Press release 28 February 2014 - 7:30 a.m. Regulated information www.terbeke.com CONSOLIDATED ANNUAL RESULTS 2013 KEY FIGURES AND HEADLINES

Ter Beke group:

o Turnover decrease from EUR 421.1 million to EUR 407.2 million (-3.3%);

o REBITDA amounts to EUR 30.8 million compared to EUR 33.1 million in 2012

(-7.1%);

o REBIT amounts to EUR 12.8 million compared to EUR 13.9 million in 2012 (-8.5%);

o 2013 EBIT result contains approx.
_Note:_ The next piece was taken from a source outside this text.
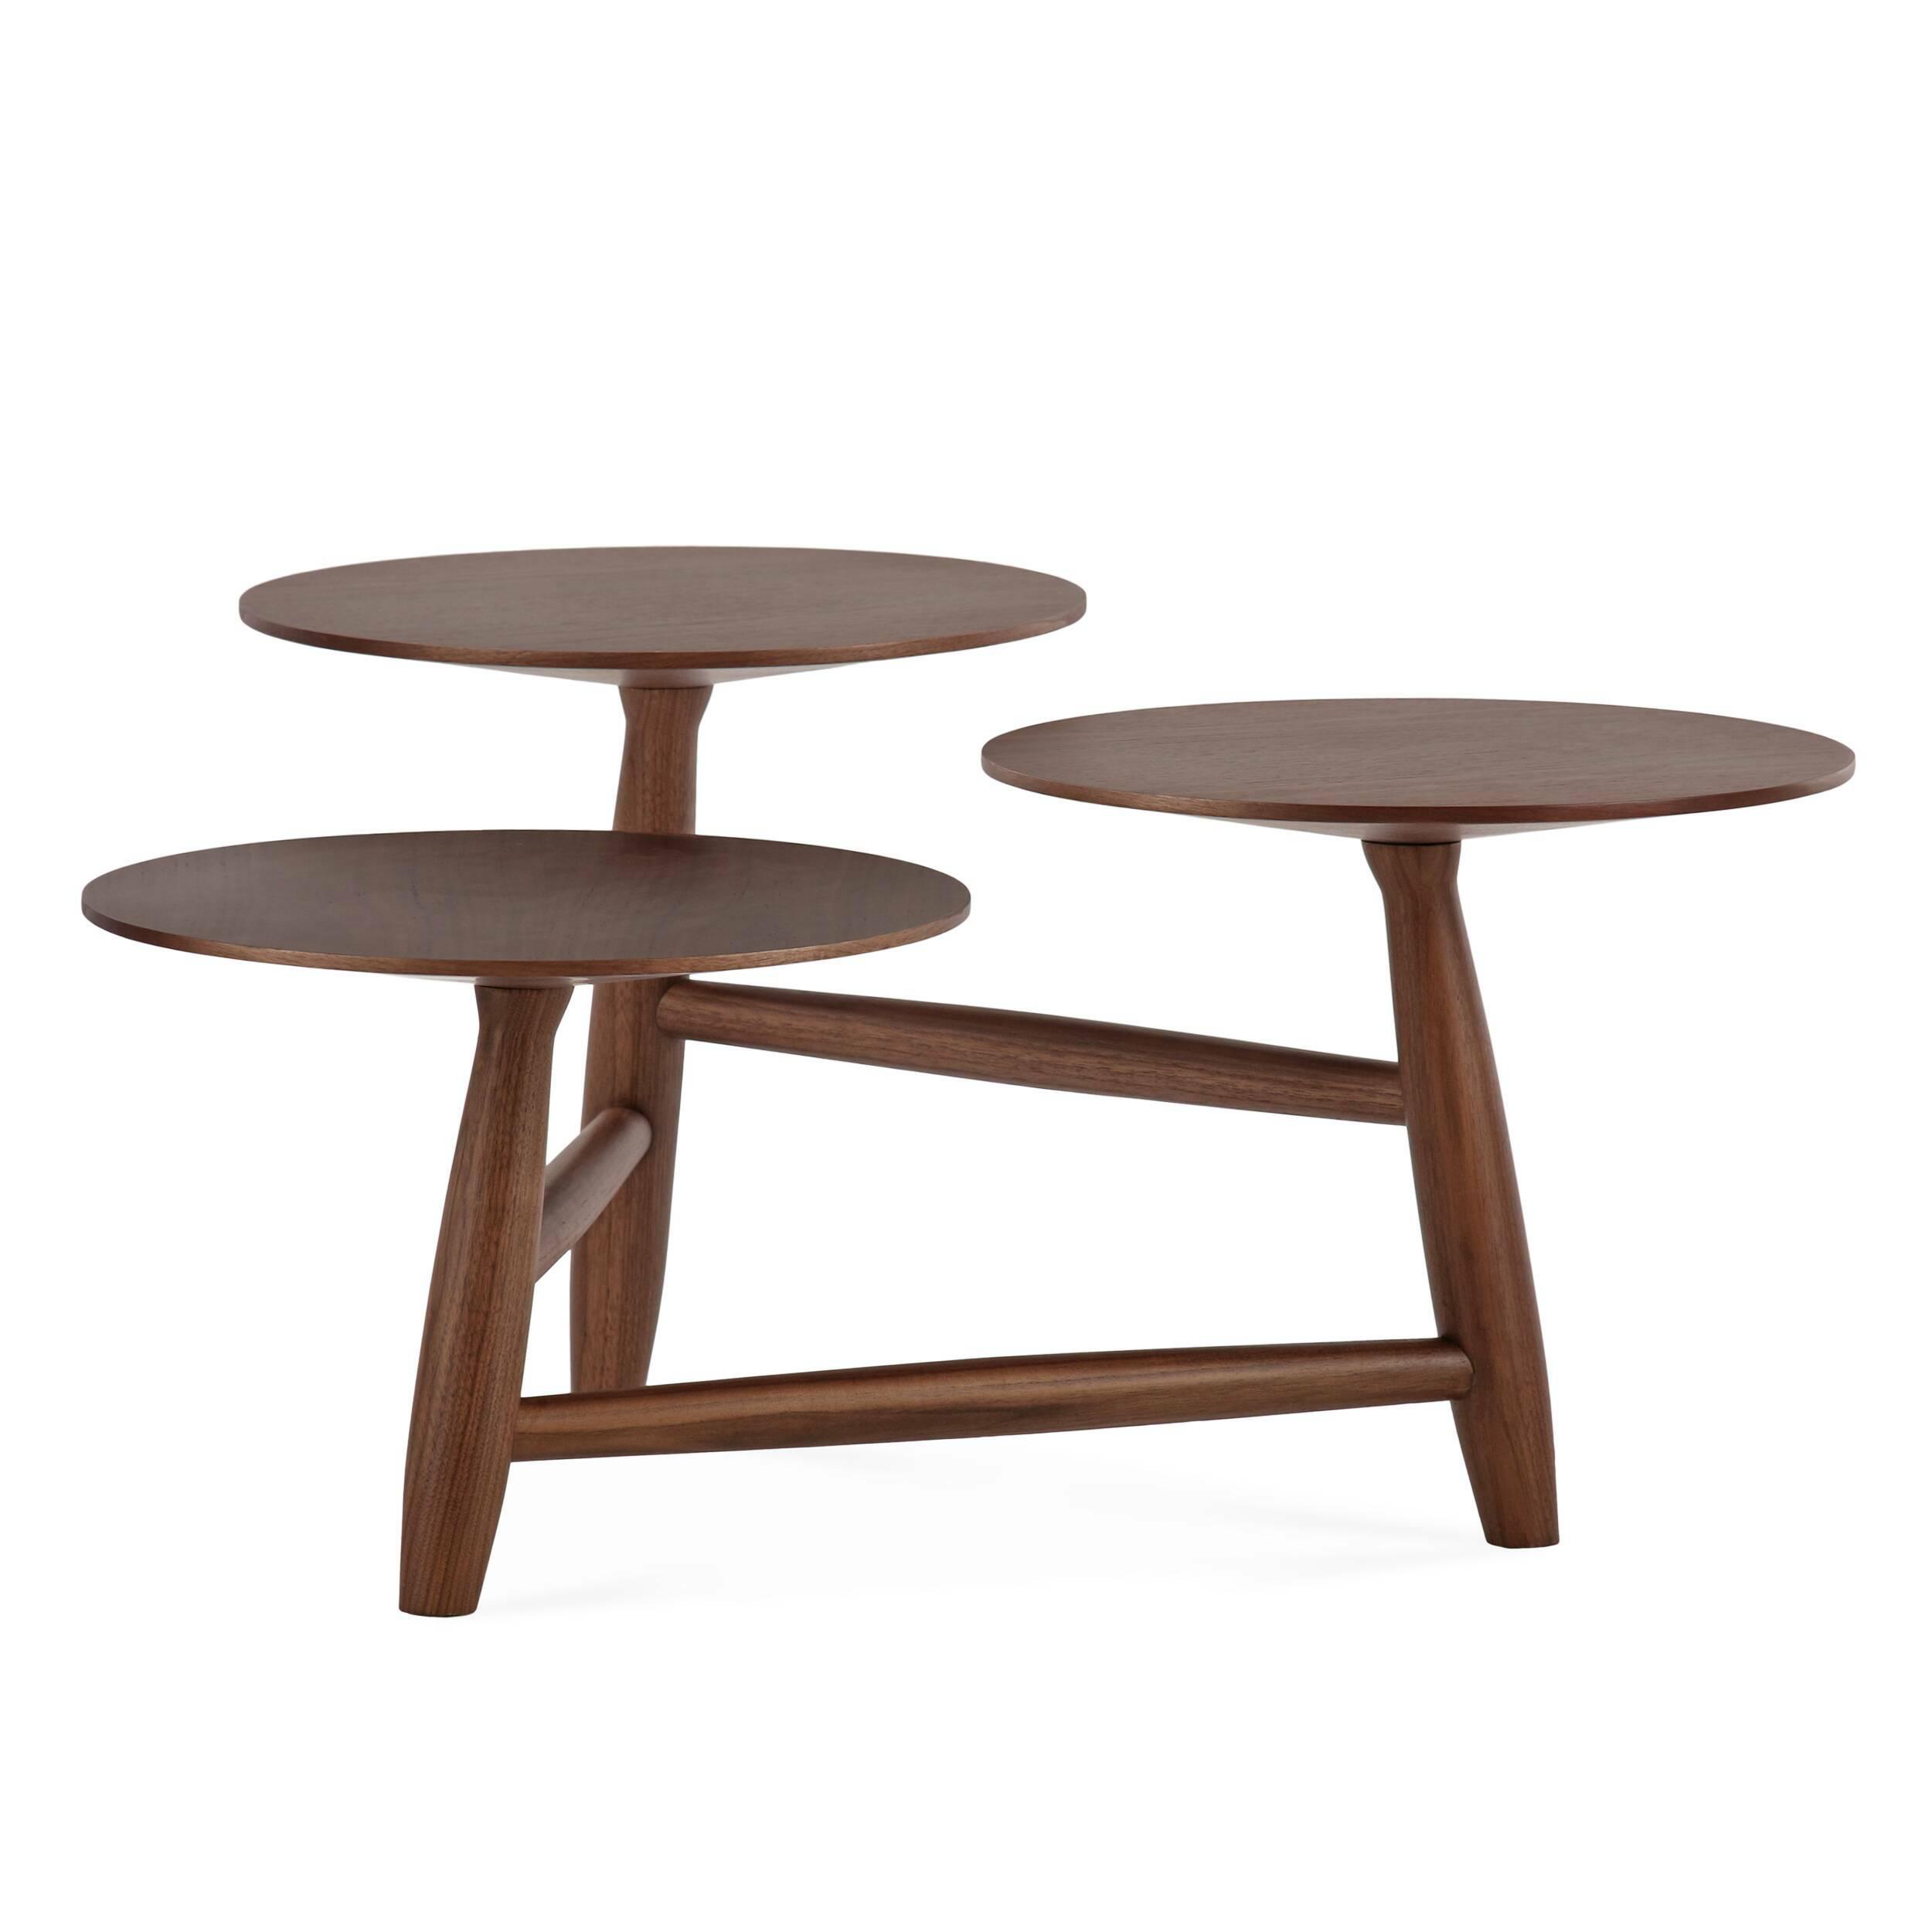 Кофейный стол Tripod высота 40 кофейный стол dad квадратный малый высота 40

EUR 2.2 million non-recurring costs, compared to

EUR 0.4 million in 2012;

o EAT amounts to EUR 6.2 million compared to EUR 8.2 million in 2011 (-24.4%);

o Net cashflow amounts to EUR 24.3 million compared to EUR 25.6 million in 2012

(-5.0%);

o 2013 investments total EUR 10.6 million;

o Reinforcement of the financial structure of the group.

Processed Meats division:

o Limited turnover growth, in particular in the slicing and packaging activities;

o Increase of the operating result, also due to a thorough cost control program;

o Industrial production of dried and cured processed meats at the Herstal plant stopped

as of 31 December 2013.

Ready Meals division:

o Turnover decrease in lasagne and pasta meals due to the horsemeat crisis, even though Ter Beke products were not involved; Consumer trust returns more slowly than expected;

o Specific promotion activities and a thorough cost control and reduction program allow to gradually restore the operating result of the division.

Proposal to pay a gross dividend of 2.50 EUR per share over 2013 (equal as the dividend paid over 2012).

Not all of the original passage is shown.